Ia mengatakan sejak tahapan pre-event BPA Fair pada 22 April 2026 hingga saat ini, terdapat beberapa aset yang telah berhasil dijual melalui mekanisme lelang, salah satunya tanah di Kabupaten Tangerang yang harga limitnya ditawarkan Rp6,8 miliar.

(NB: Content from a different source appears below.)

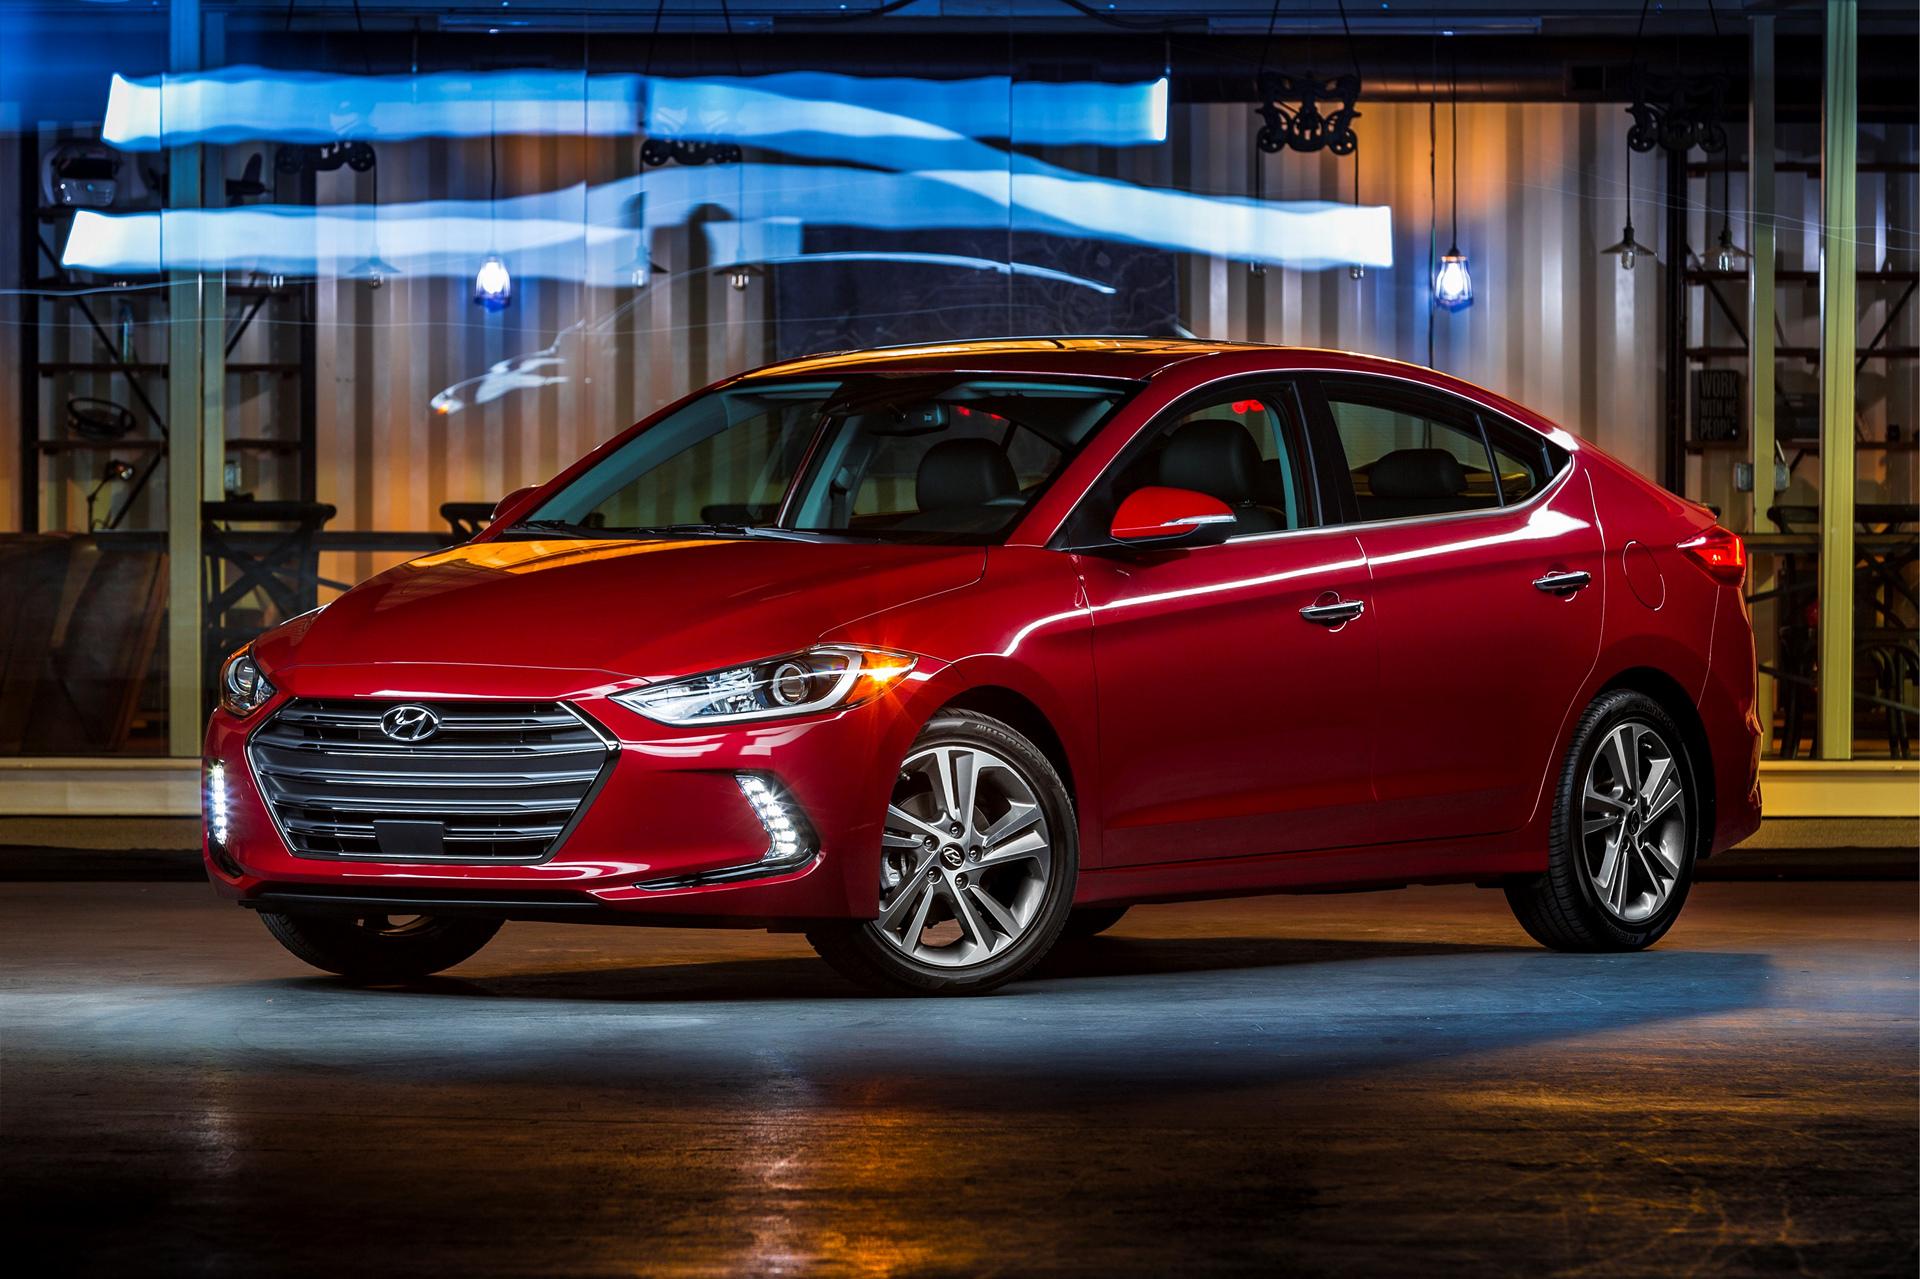 2017 Hyundai Elantra © Hyundai Motor Company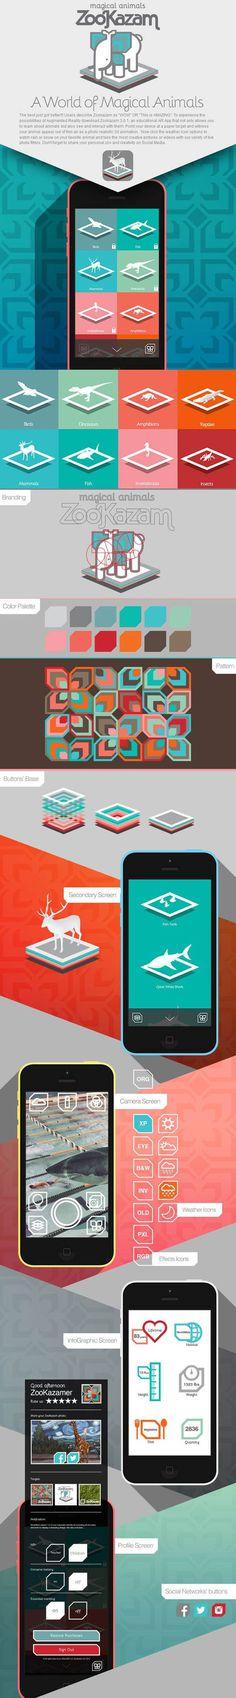 ZooKazam 3.0 AppDesign by Reza Alavi

“Alhamdulillah dengan mekanisme yang lebih terbuka, lebih transparan, dan publikasi yang masif maka tanah tersebut bisa kita jual di harga Rp32 miliar atau 460 persen dari nilai limit,” katanya. Selain itu, antusiasme masyarakat terhadap BPA Fair juga tercermin dari pemetaan potensial buyer (pembeli).
“Yang paling menggembirakan adalah sebanyak 400 peserta lelang telah menyetor uang jaminan lelang BPA Fair 2026 dengan nilai sebesar Rp12,7 miliar,” ucapnya. Mantan Direktur Penyidikan pada Jampidsus Kejagung itu mengatakan bagi masyarakat yang berminat mengikuti lelang, dapat mengunjungi situs bpafair.com untuk mendapatkan informasi lebih lanjut.
Selain itu, BPA juga siap melayani masyarakat yang hadir secara langsung di Gedung BPA, Jalan Kebagusan Raya, Jakarta Timur. “Kalau tidak bisa membuat akun, sudah kami siapkan petugas yang akan mendampingi membukakan. Kalau didampingi tidak punya perangkatnya, kami siapkan perangkat komputernya dan kita dampingi untuk bisa mengajukan lelang,” ucapnya.